B sayfasından devam.

30-) Ve kalelleziy amene ya kavmi inniy ehafü aleyküm misle yevmil ahzâb;

İman etmiş kimse dedi ki: "Ey kavmim! Muhakkak ki ben, sizin üzerinize hakikate karşı birleşmişlerin başına gelenlerin yaşadığı sürecin benzeriyle karşılaşmanızdan korkuyorum." (A. Hulusi)

30 - O iman etmiş olan zat da, ey kavmim! dedi doğrusu ben size Ahzâb günleri gibi bir günden korkuyorum, (Elmalı)

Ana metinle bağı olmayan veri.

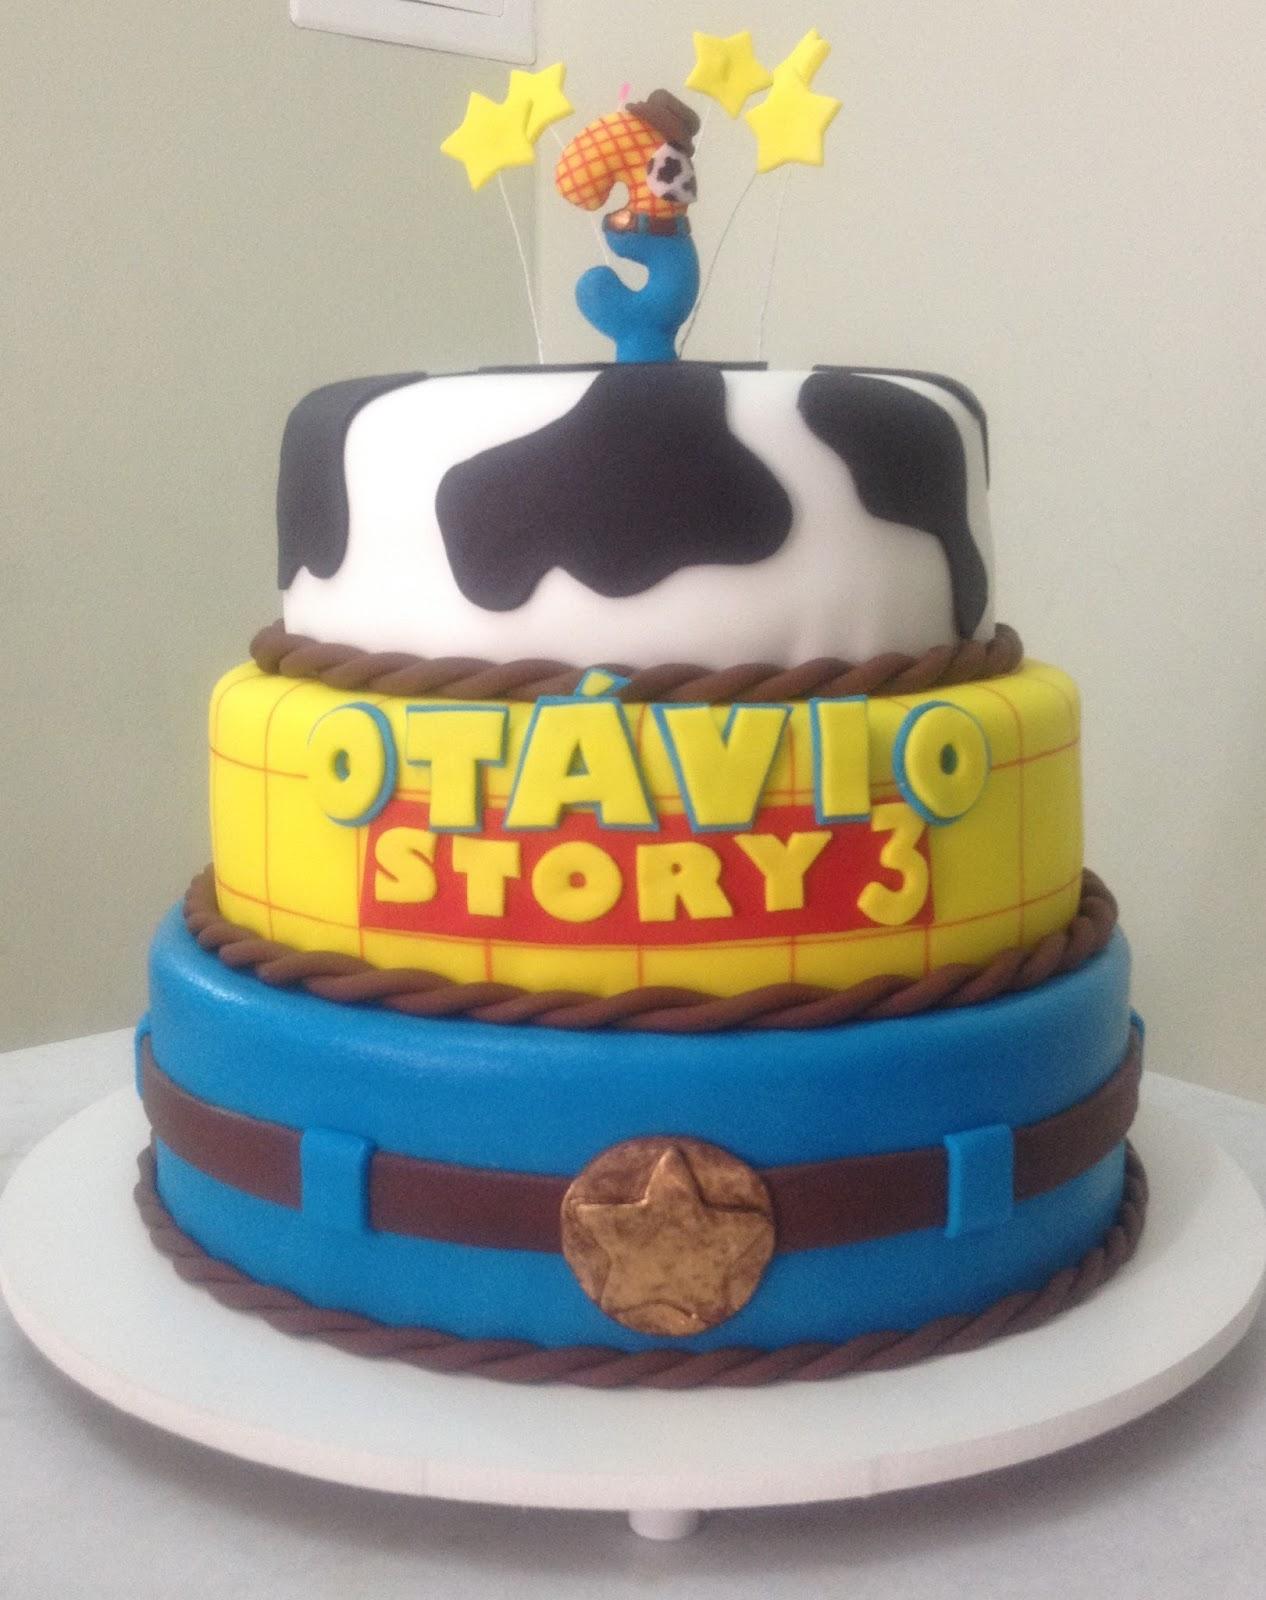 Populares Sugar Bella - Biscoitos e doces artesanais: Bolo Toy Story ZA65
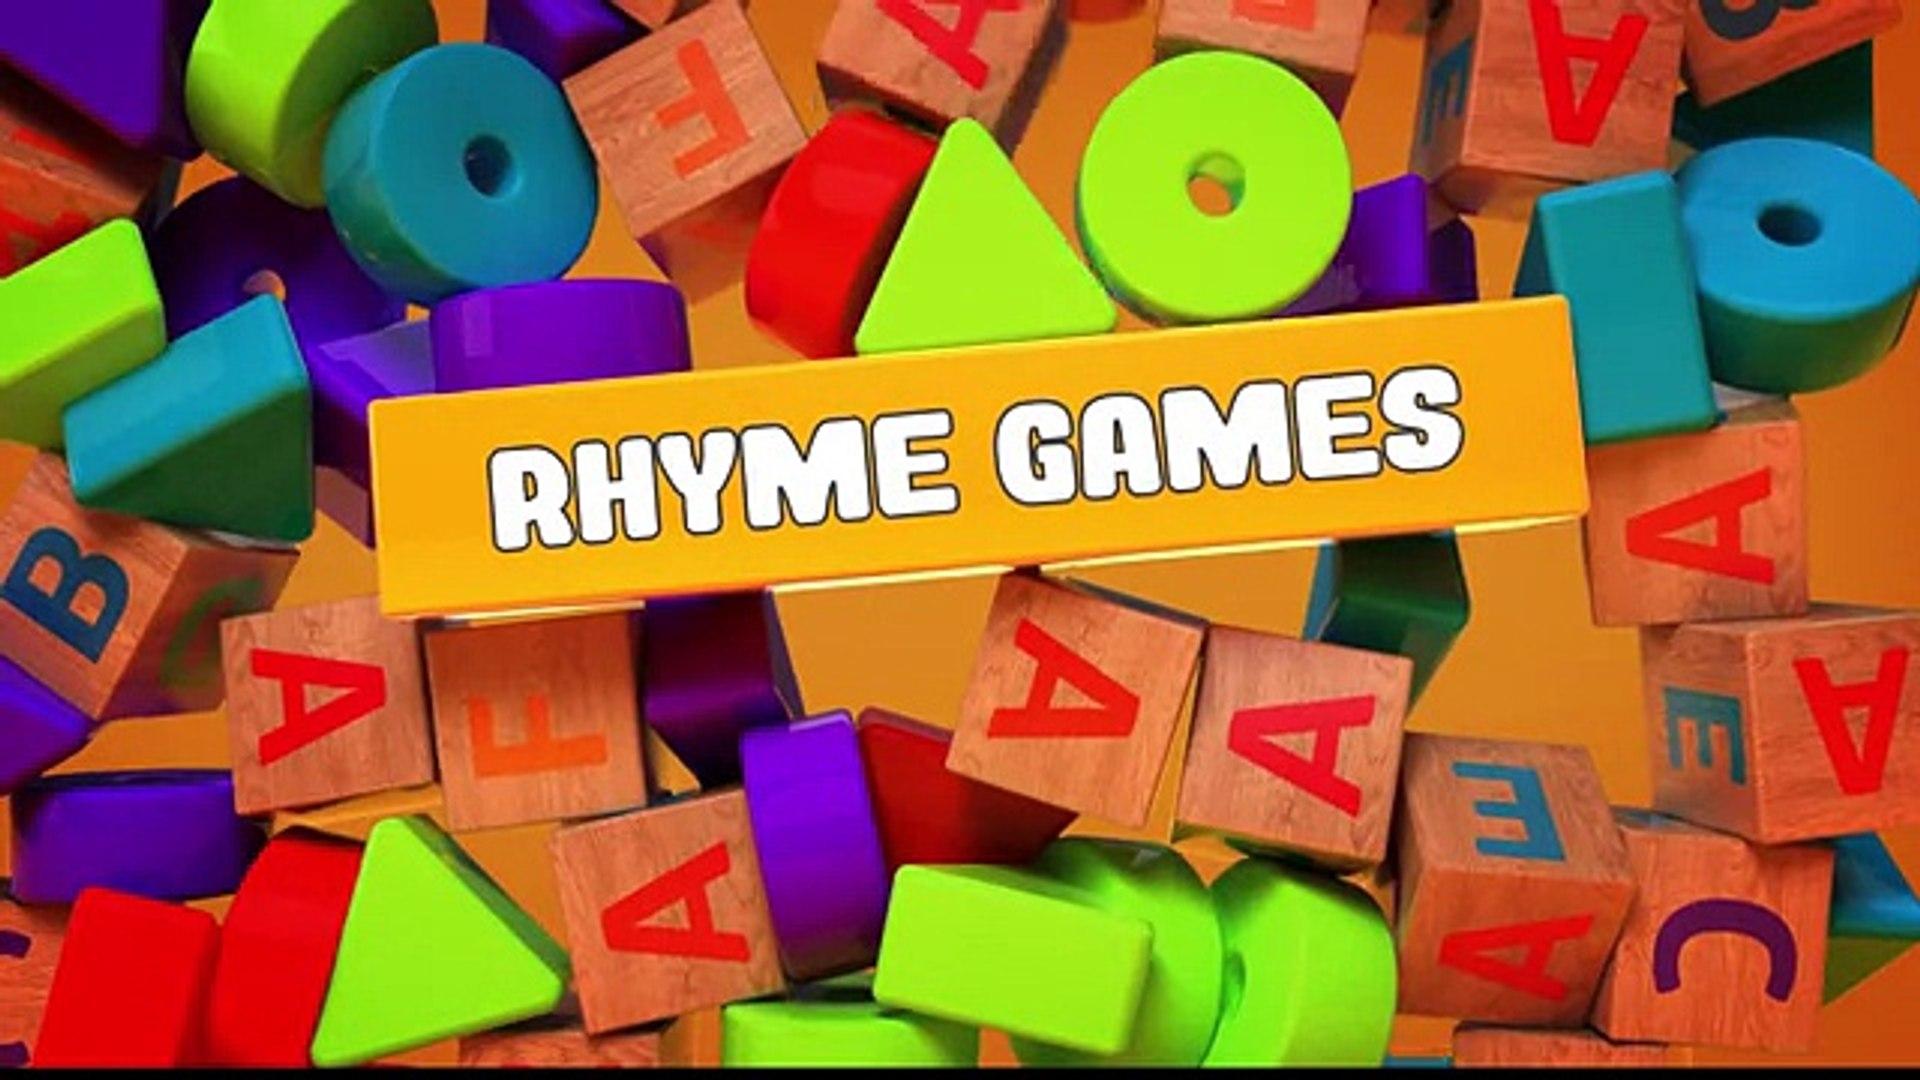 Disney Brave Jigsaw Puzzles  Brave Merida Archery Scotland Games for Children with Nursery Rhymes

Ve kalelleziy amene ya kavmi inniy ehafü aleyküm misle yevmil ahzâb yine iman eden kimse söze girerek dedi ki ey kavmim inanın ki ben şu inkarda ittifak etmiş toplulukların helakine benzer bir günün sizin de başınıza gelmesinden korkarım.


31-) Misle de'bi kavmi Nuhın ve 'Adin ve Semude velleziyne min ba'dihim* ve mAllâhu yüriydu zulmen lil 'ıbad;

"Nuh toplumunun, Ad'ın (Hud'un toplumu), Semud'un (Sâlih'in toplumu) ve onlardan sonra gelenlerin benzeri... Allâh kulları için bir zulüm irade etmez." (A. Hulusi)

31 - Nuh kavminin Âdın, Semûd’un ve daha sonrakilerin mâcerâları gibi ki Allah kullarına bir zulüm istemez. (Elmalı)


Misle de'bi kavmi Nuhın ve 'Adin ve Semude velleziyne min ba'dihim yani Nuh kavminin, Ad ve Semud’un ve onlardan sonrakilerin uğradıkları türden bir helakin, bir belanın sizinde başınıza gelmesinden korkuyorum. ve mAllâhu yüriydu zulmen lil 'ıbad bir de unutmayın ki Allah kullarına asla haksızlık etmek istemez.


32-) Ve ya kavmi inniy ehafü aleyküm yevmettenad;

(O iman eden adam dedi ki): "Ey kavmim... Gerçekten ben, sizin üzerinize o endişeyle haykırışma sürecinin gelmesinden korkuyorum." (A. Hulusi)

32 - Hem ey kavmim! hakikaten ben size o çığrışma gününden korkarım. (Elmalı)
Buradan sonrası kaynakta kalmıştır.